Problem requirements: Your answer must match, word for word, the lines from the one holding "A detailed close" through the final line below, with pictures excluded.

Available data:
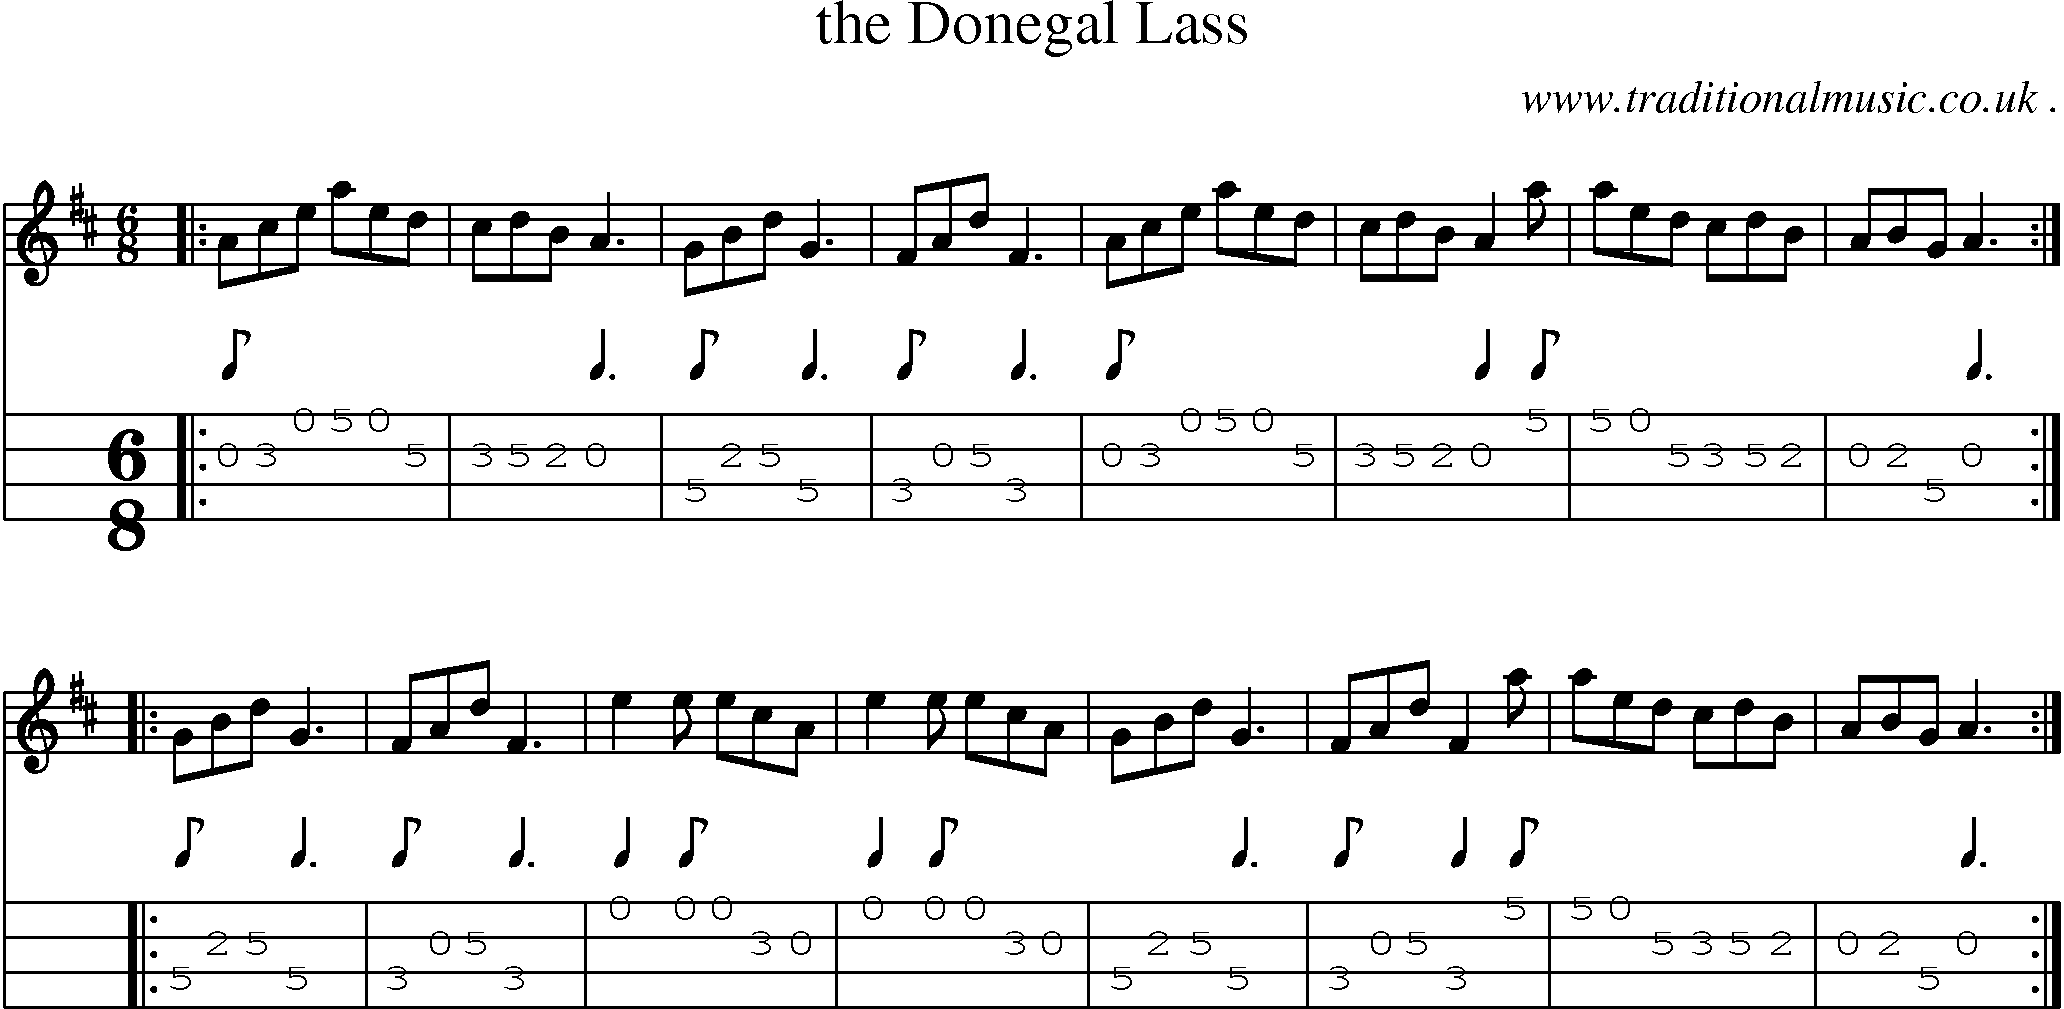 Sheet-music  score, Chords and Mandolin Tabs for The Donegal Lass
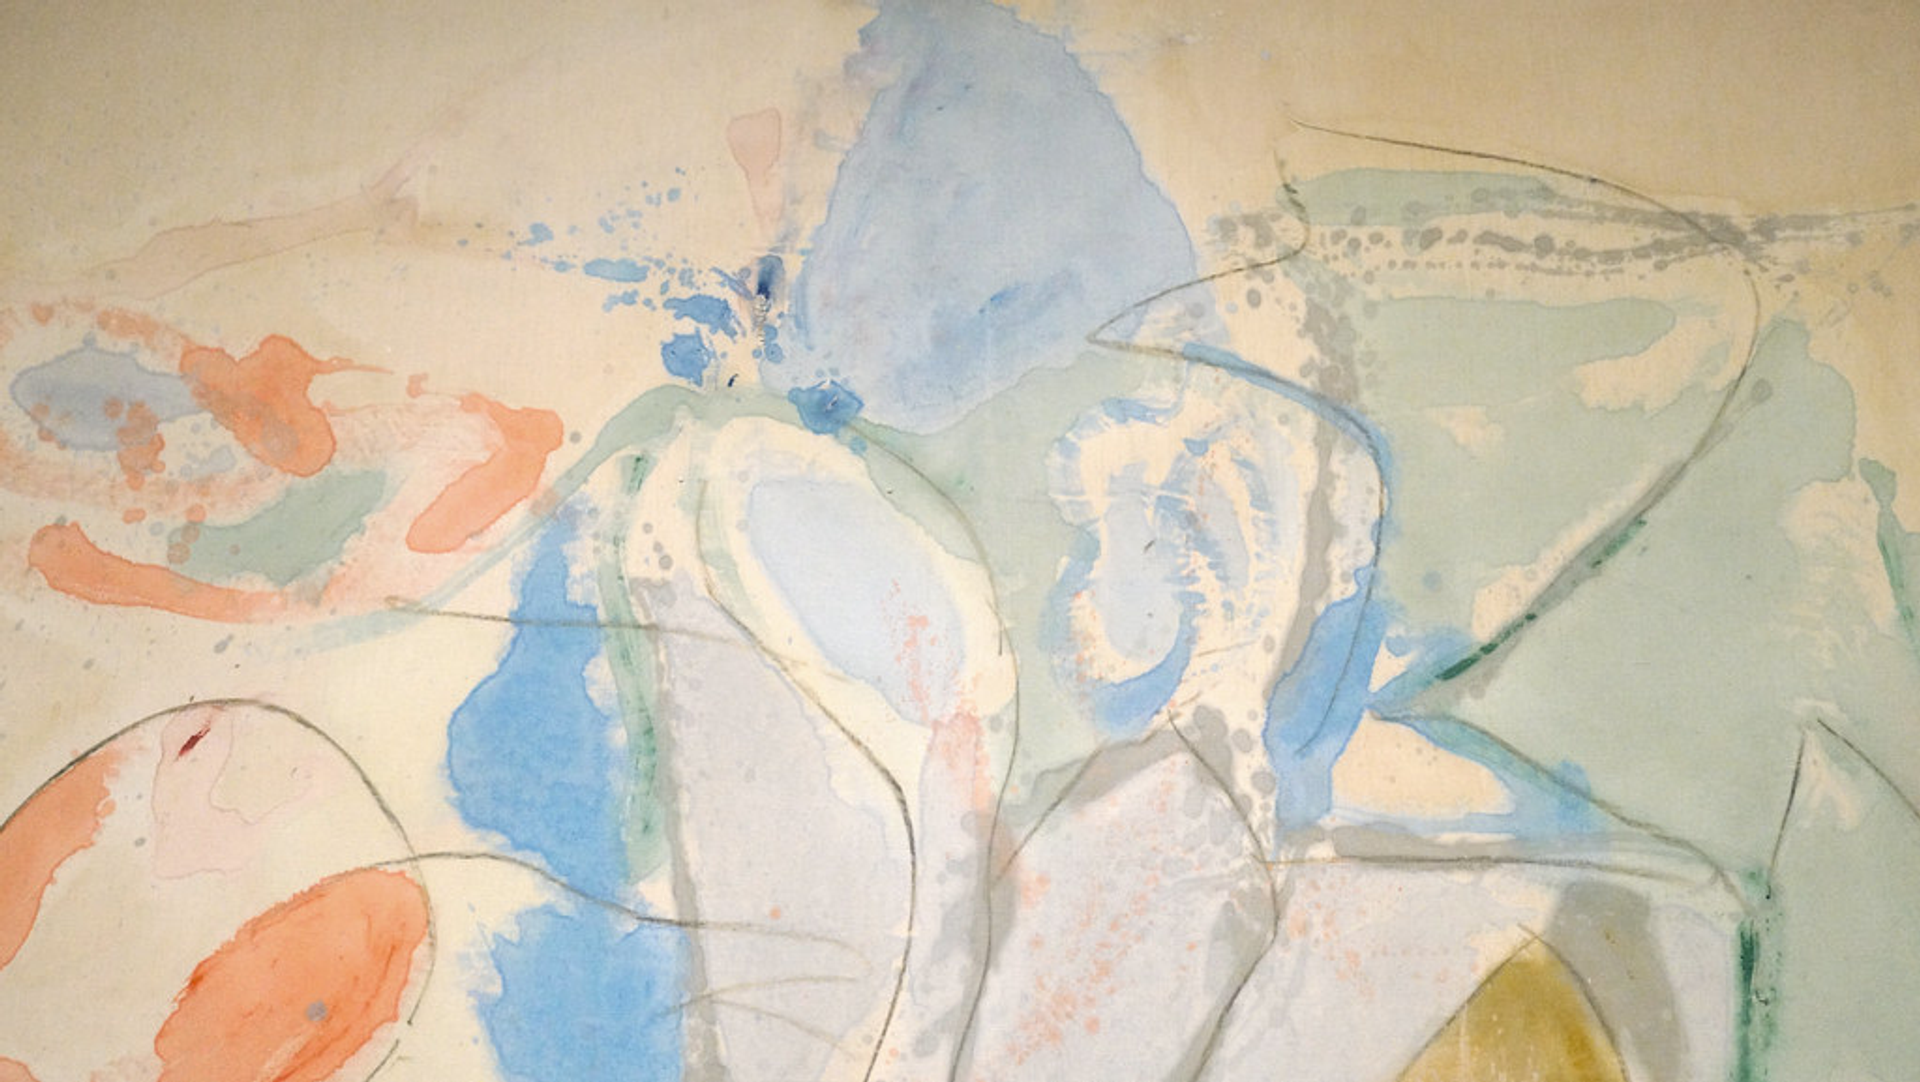 A detailed close up of Helen Frankenthaler’s Mountains and Sea. An abstract expressionist painting including blue, orange, pink, and yellow hues.
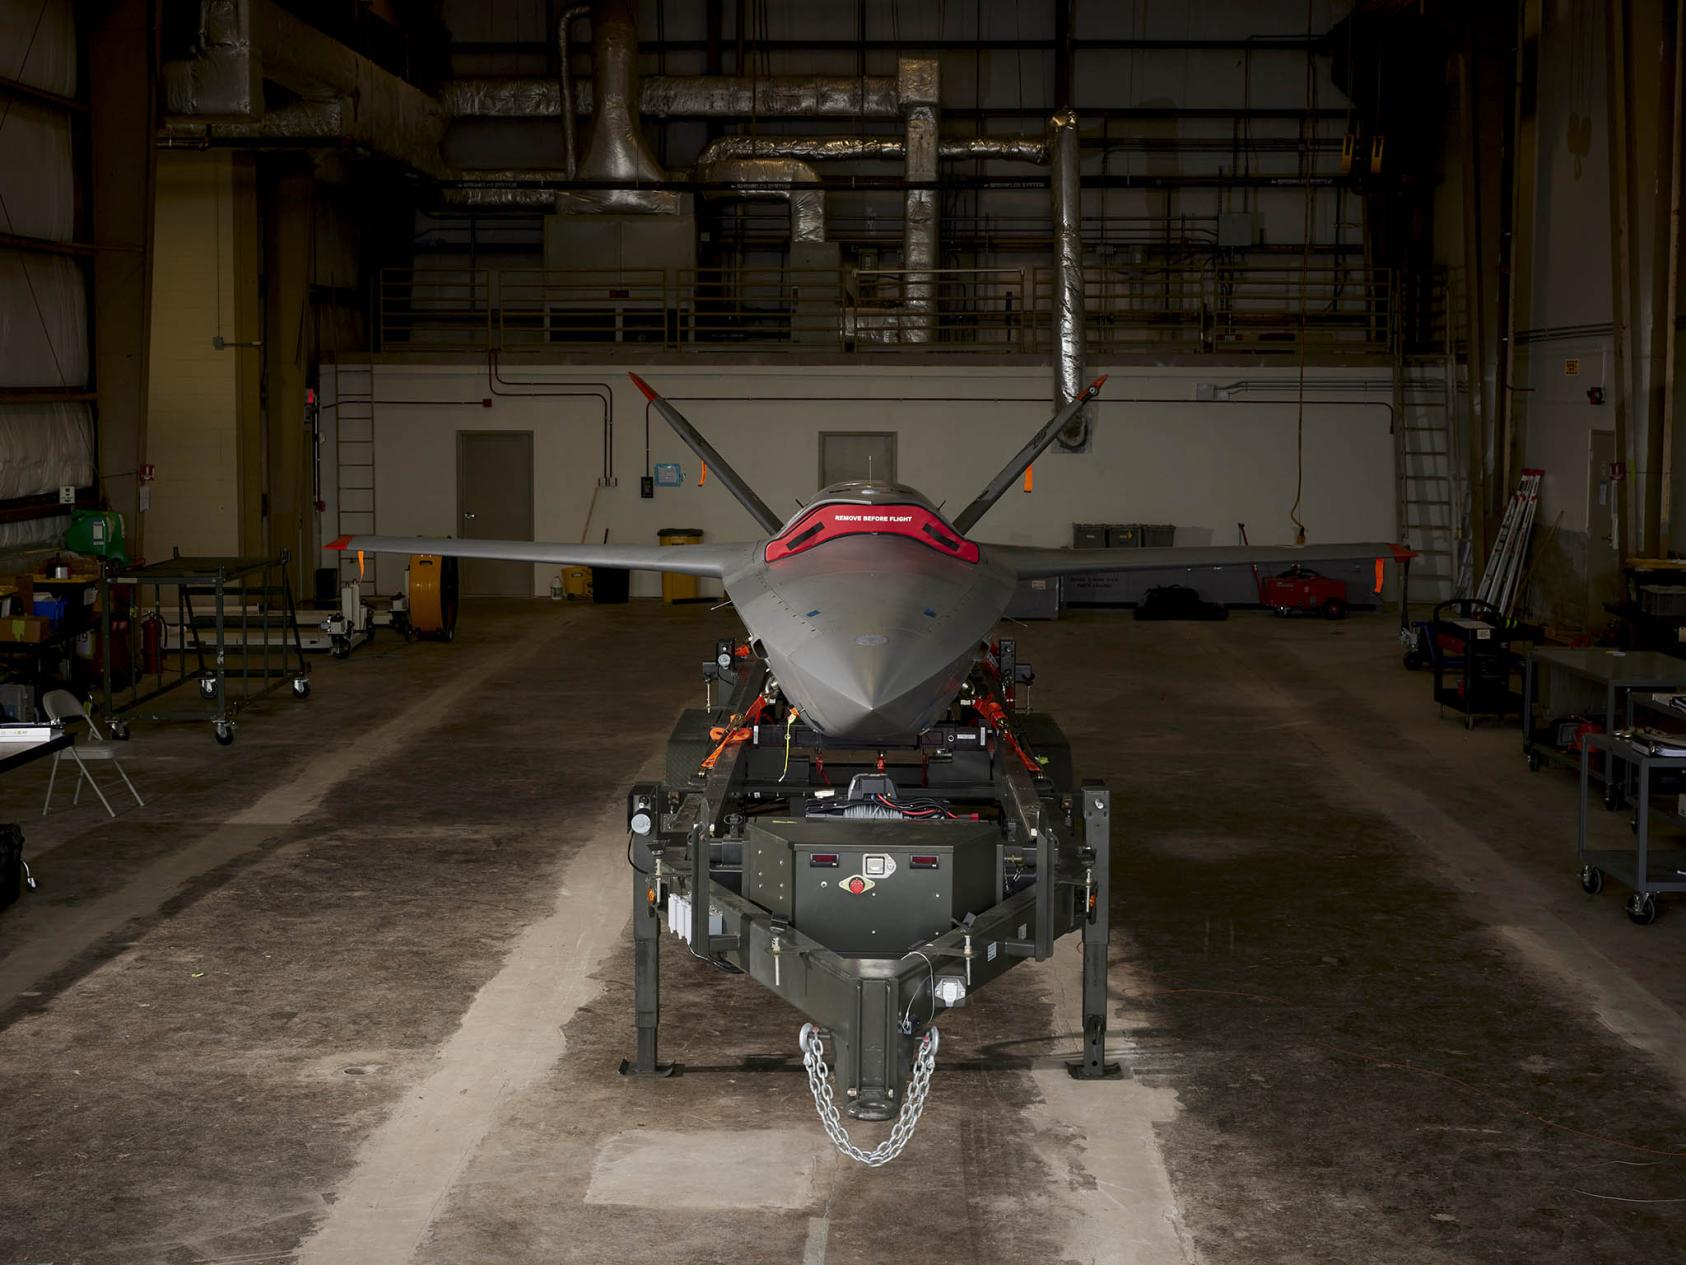 The Kratos XQ-58 unmanned combat aerial vehicle at Eglin Air Force Base, July 2023. The drone uses artificial intelligence and has the capability to carry weapons, although it has not yet been used in combat. (Edmund D. Fountain/The New York Times)

Response to the task:
 A detailed close up of Helen Frankenthaler’s Mountains and Sea. An abstract expressionist painting including blue, orange, pink, and yellow hues.
 The Kratos XQ-58 unmanned combat aerial vehicle at Eglin Air Force Base, July 2023. The drone uses artificial intelligence and has the capability to carry weapons, although it has not yet been used in combat. (Edmund D. Fountain/The New York Times)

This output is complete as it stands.